• [DATA BLOCK]
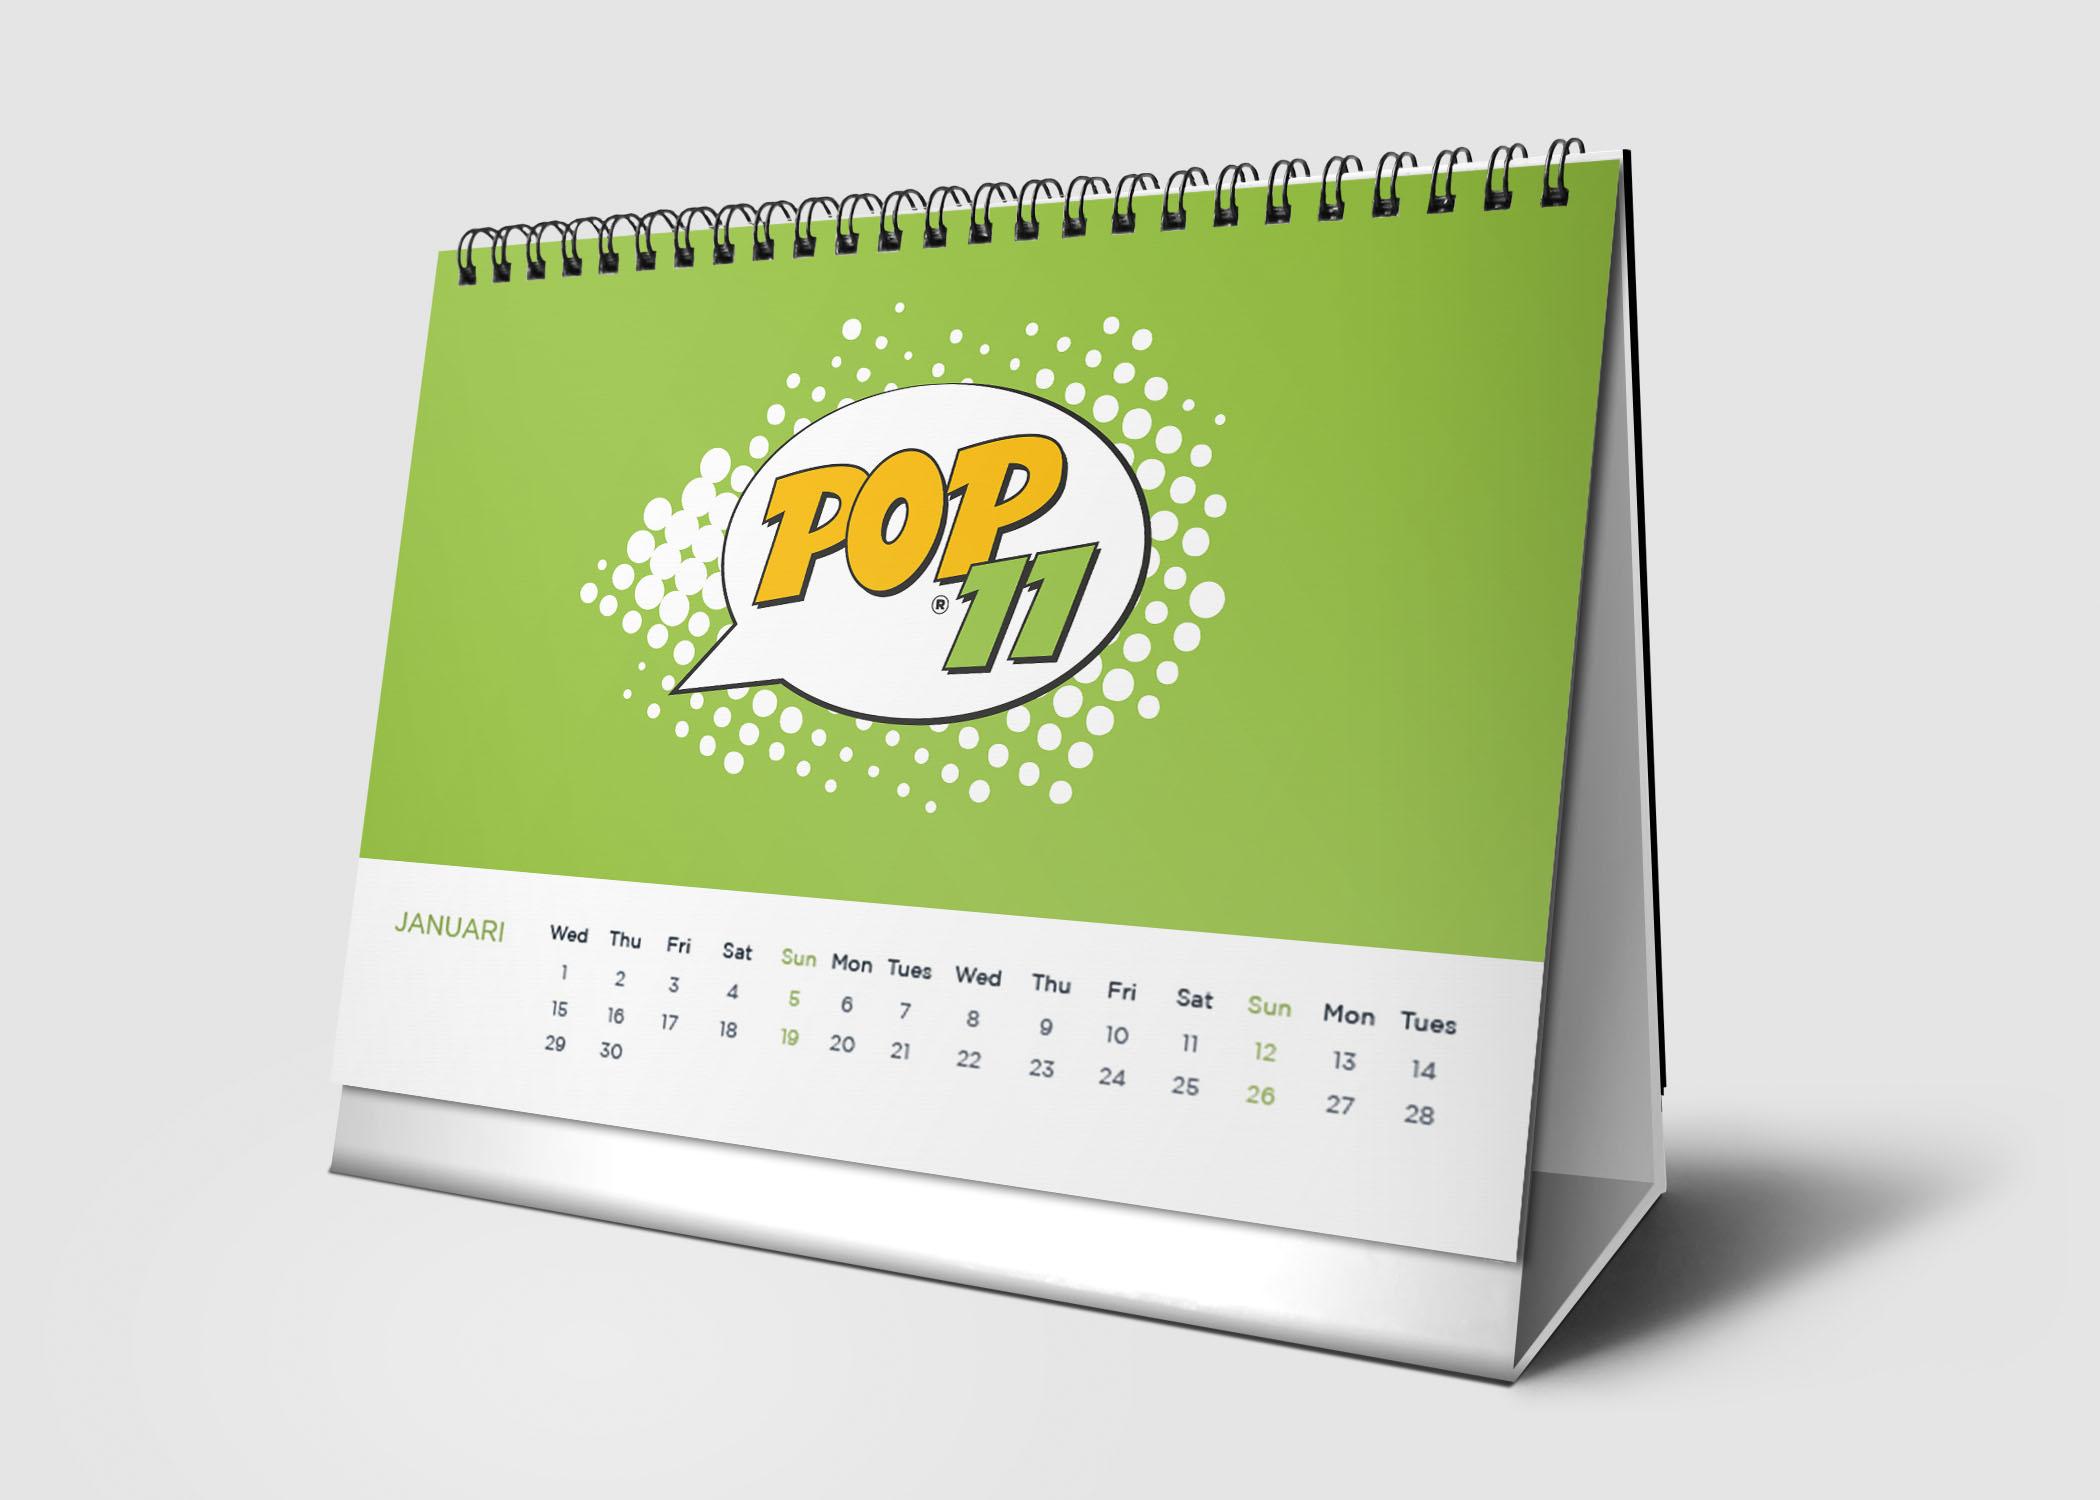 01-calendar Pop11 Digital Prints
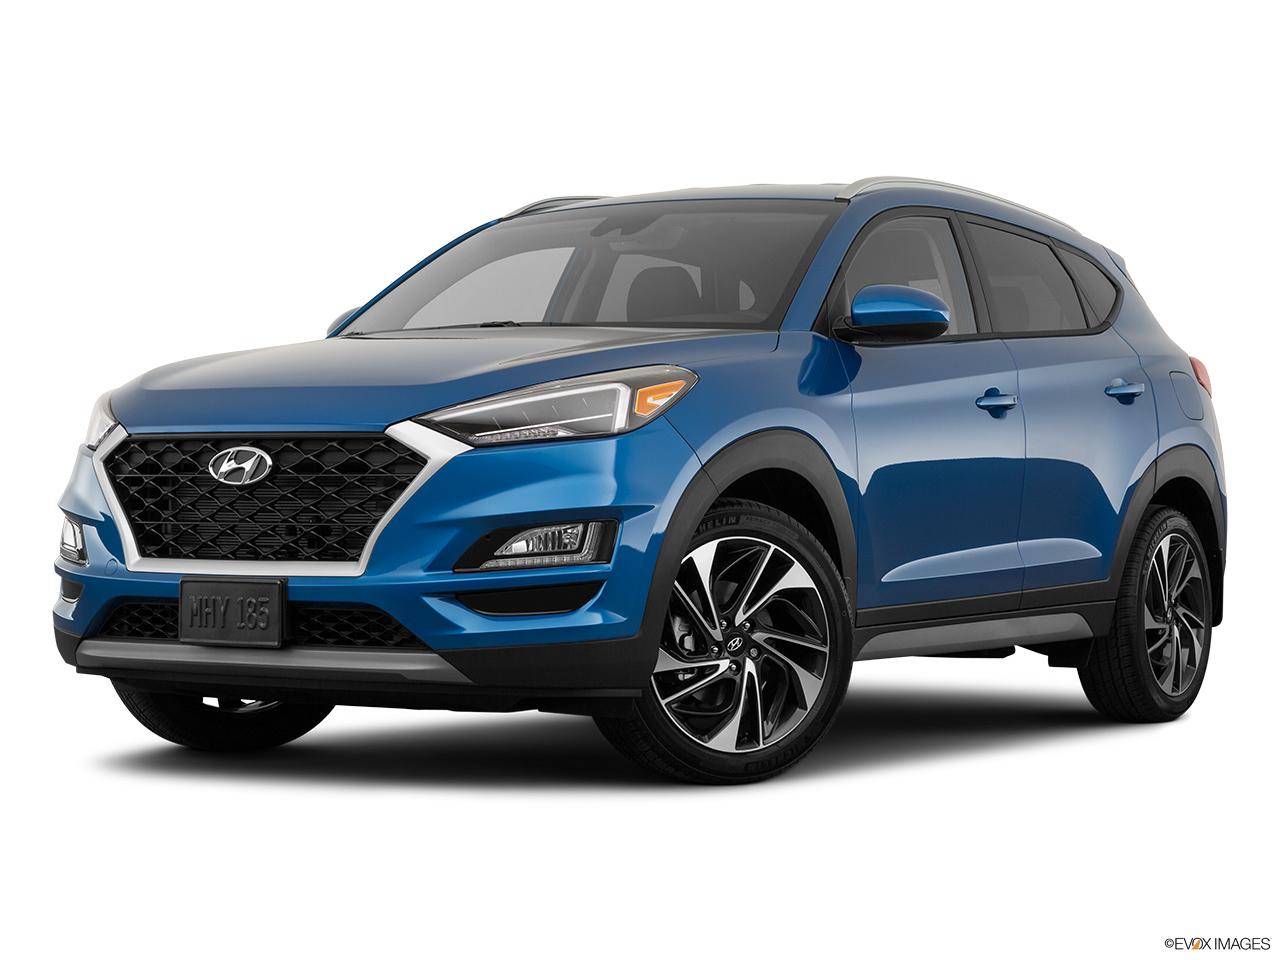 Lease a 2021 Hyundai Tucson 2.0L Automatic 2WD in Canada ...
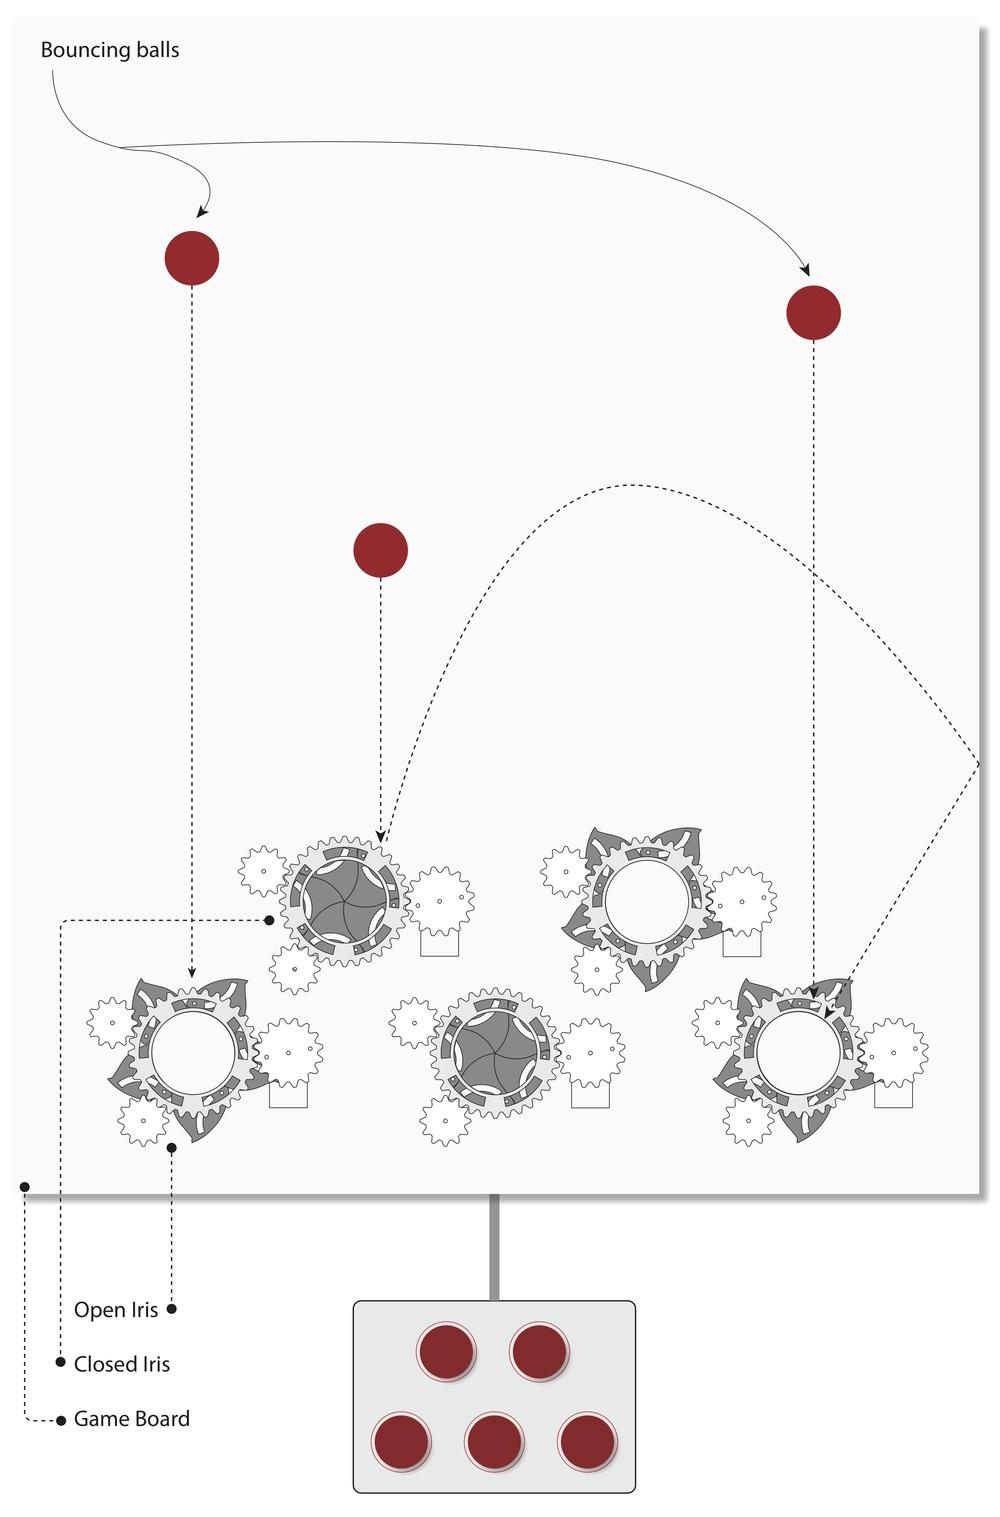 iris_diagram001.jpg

• [EXERCISE DETAILS]
Exactly the lines from the one containing "Lease a 2021" through the last line of the data above should be output, both ends included, with every picture left out.

• [EXERCISE OUTPUT]
 Lease a 2021 Hyundai Tucson 2.0L Automatic 2WD in Canada ...
 iris_diagram001.jpg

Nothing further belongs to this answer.